Analysis of hotspots of rearrangements

For the analyses, we calculated πsyn in 5-kb sliding windows with 1 kb step-size across the entire genome. HOT regions were defined as regions with πsyn larger than 0.5. Neighboring regions were merged into one HOT region if their distance was shorter than 2 kb.

The nucleotide and haplotype diversity were calculated with the R package PopGenome72 using SNP markers (with MAF > 0.05) from 1001 Genomes Project8. LD were calculated as correlation coefficients r2 using SNP markers with MAF > 0.05. GO enrichment analysis was performed using the webtool DAVID73.
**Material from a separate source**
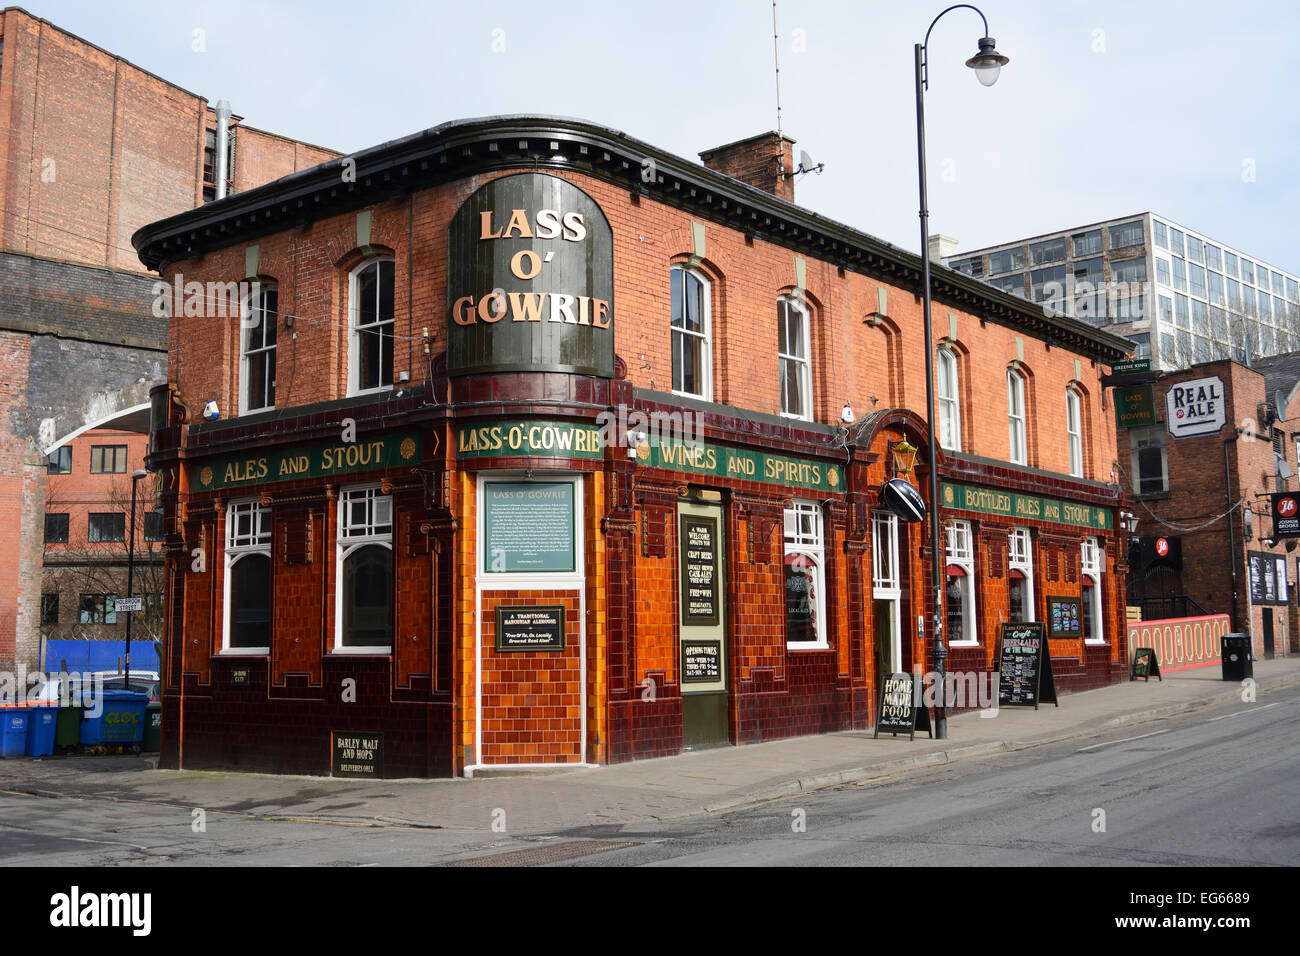 Lass-O-Gowrie - A historic  Manchester tiled public house which was named as Best British Pub in Britain 2012. Stock Photo

We performed a synteny comparison between A. thaliana HOT regions and A. lyrata74. Although the two species have rearranged karyotypes, they share collinear regions, so-called Ancestral Crucifer Karyotype blocks (ACK blocks)75. The genome sequences were split into ACK blocks, and aligned with the tool nucmer. The syntenic regions were defined by the tool SyRI. We checked the alignment of each HOT region and its 5 kb flanking regions to see whether the regions were in syntenic or rearranged regions as compared to A. lyrata.

Reporting summary

Further information on research design is available in the Nature Research Reporting Summary linked to this article.